▸ **What is required**
The expected output is an exact copy of each line from the line with "Gloomy Abandoned House" through the end of the data below, with no pictures in it.

▸ **Given information**

::::::

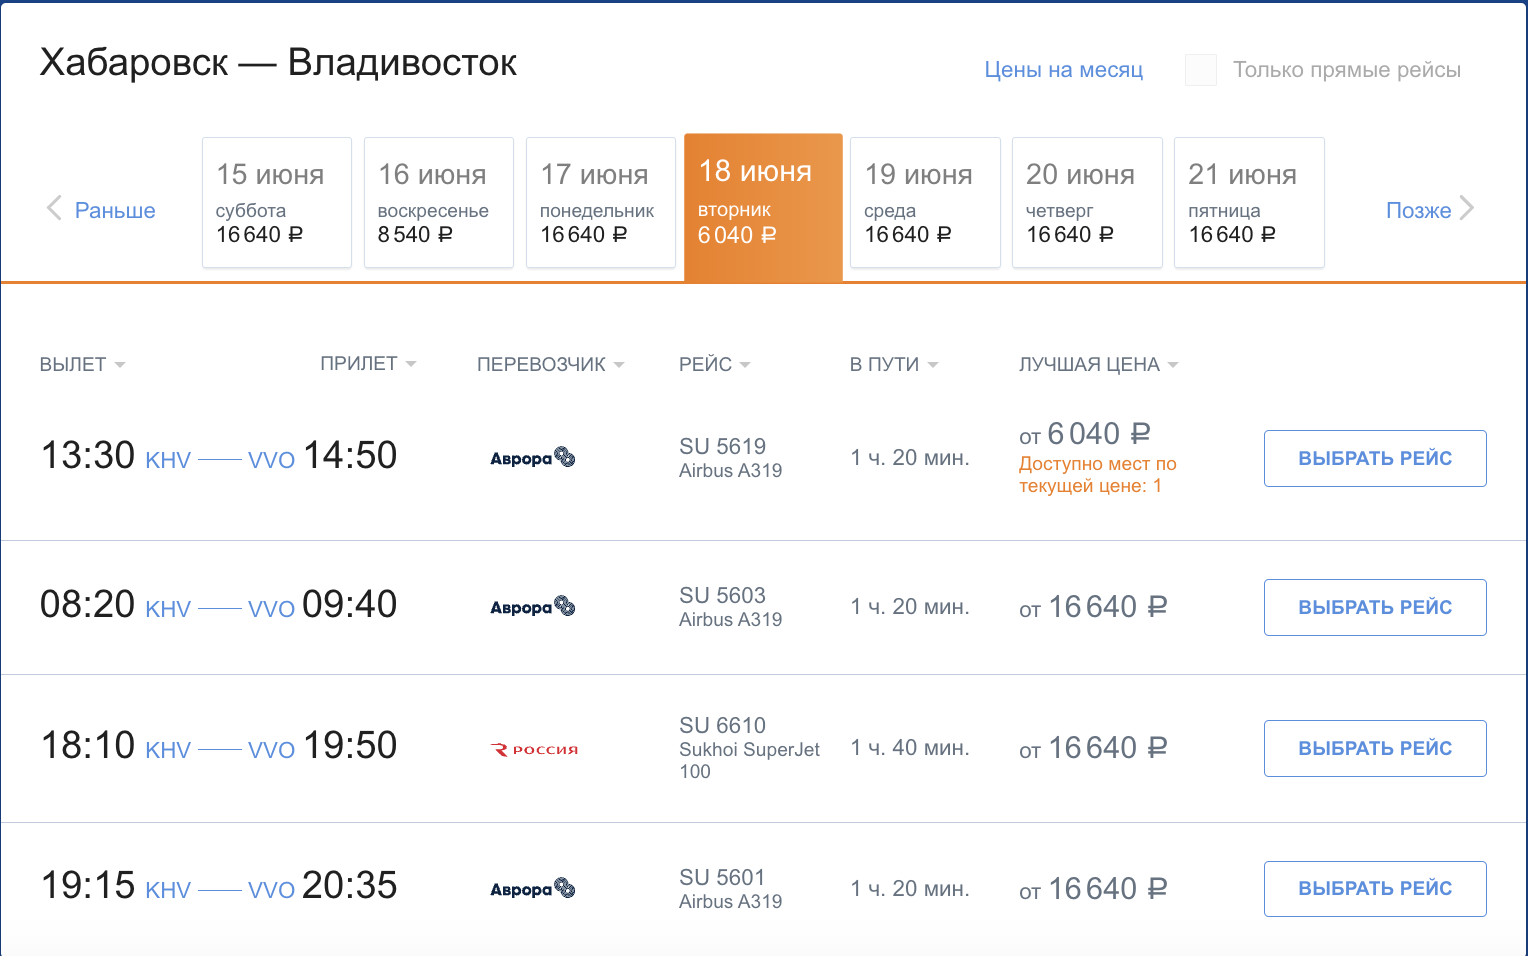 «Россия» полетит из Хабаровска в Магадан, Владивосток, на Камчатку и Сахалин. Билеты в продаже (ОЧЕНЬ ДОРОГИЕ!)
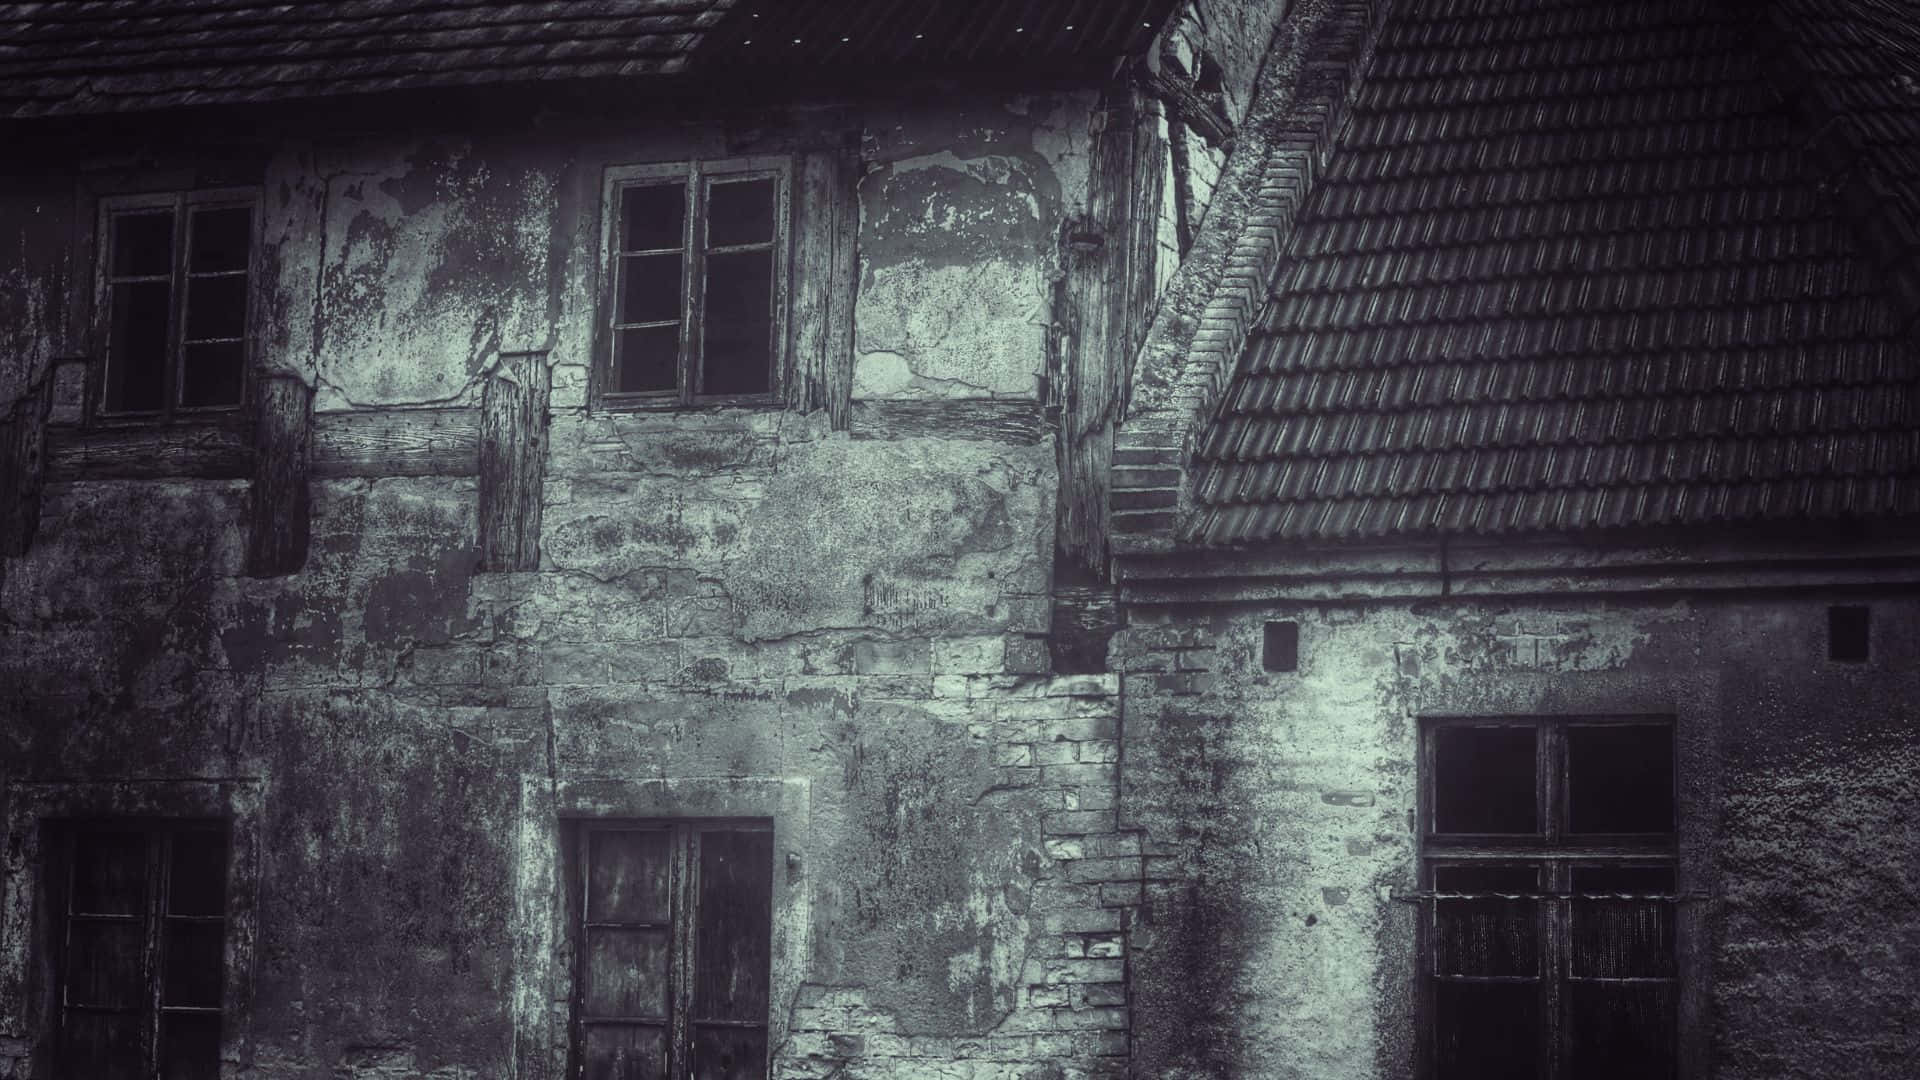 Gloomy Abandoned House Horror Aesthetic.jpg Wallpaper
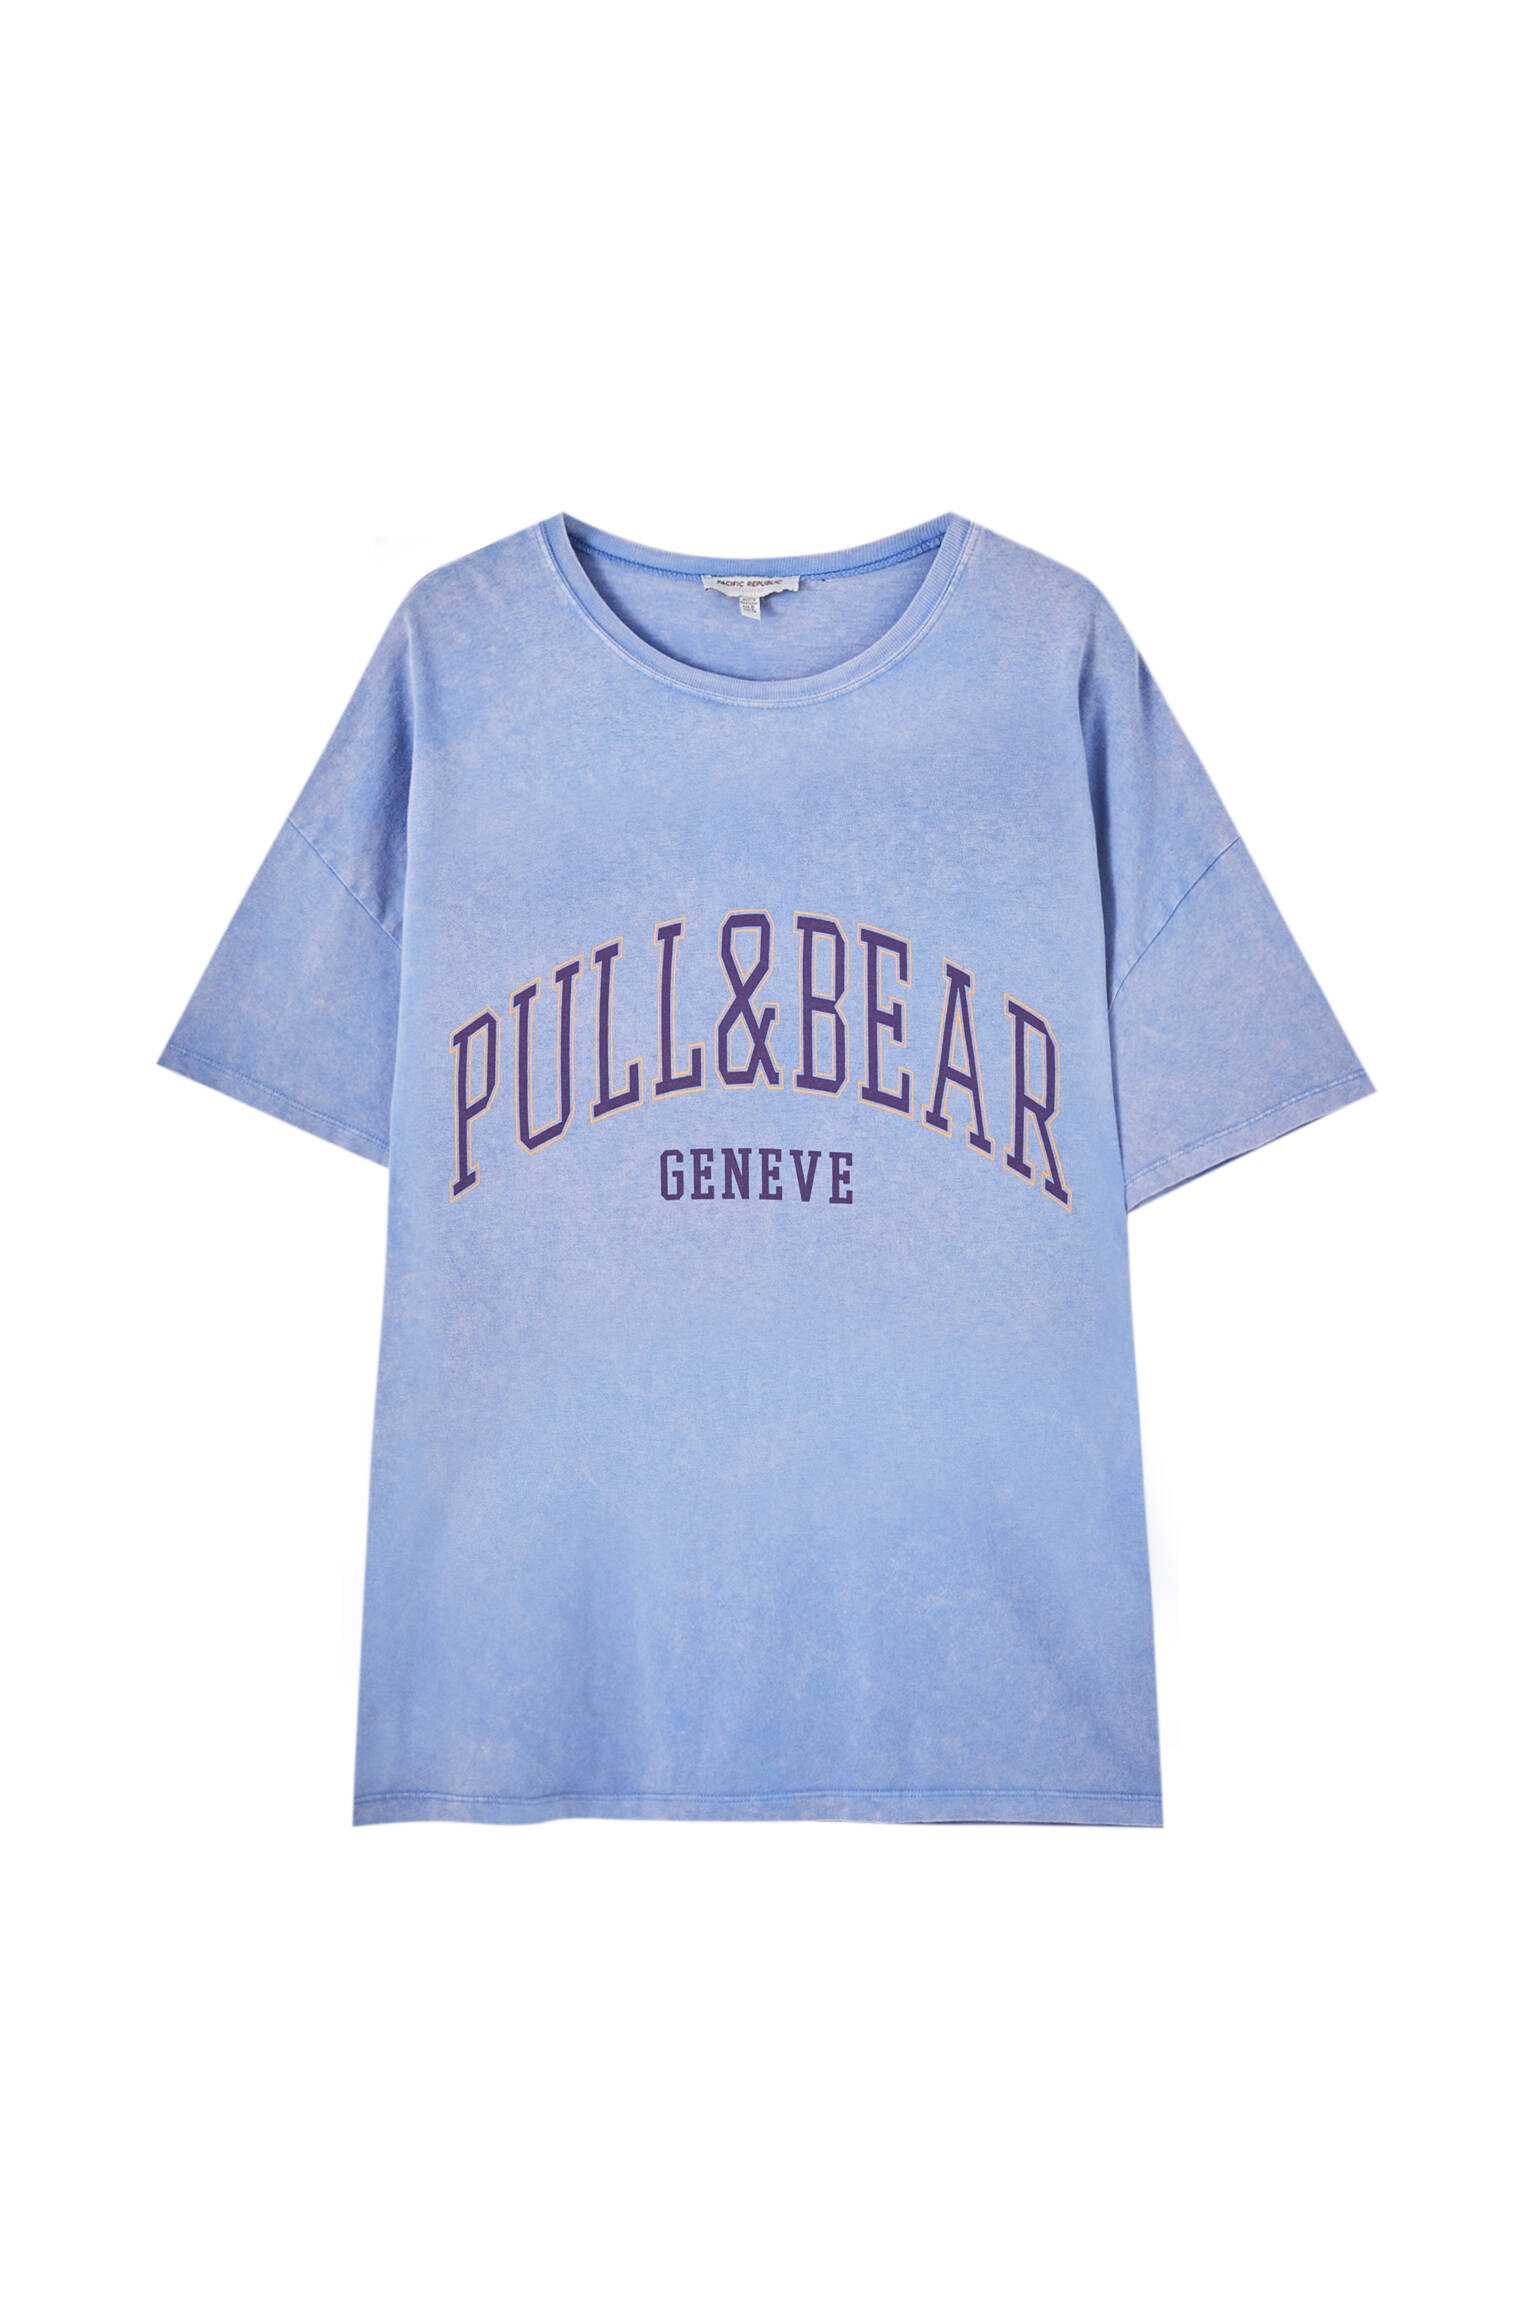 Pull&bear Femme T-shirt 100 % Coton à Col Rond Et Manches Courtes, Avec Logo Pull&bear Et Inscription Genève Contrastante Sur La Poitrine. Indigo DÉlavÉ M

::::::

▸ **Solution to this exercise**
 Gloomy Abandoned House Horror Aesthetic.jpg Wallpaper
 Pull&bear Femme T-shirt 100 % Coton à Col Rond Et Manches Courtes, Avec Logo Pull&bear Et Inscription Genève Contrastante Sur La Poitrine. Indigo DÉlavÉ M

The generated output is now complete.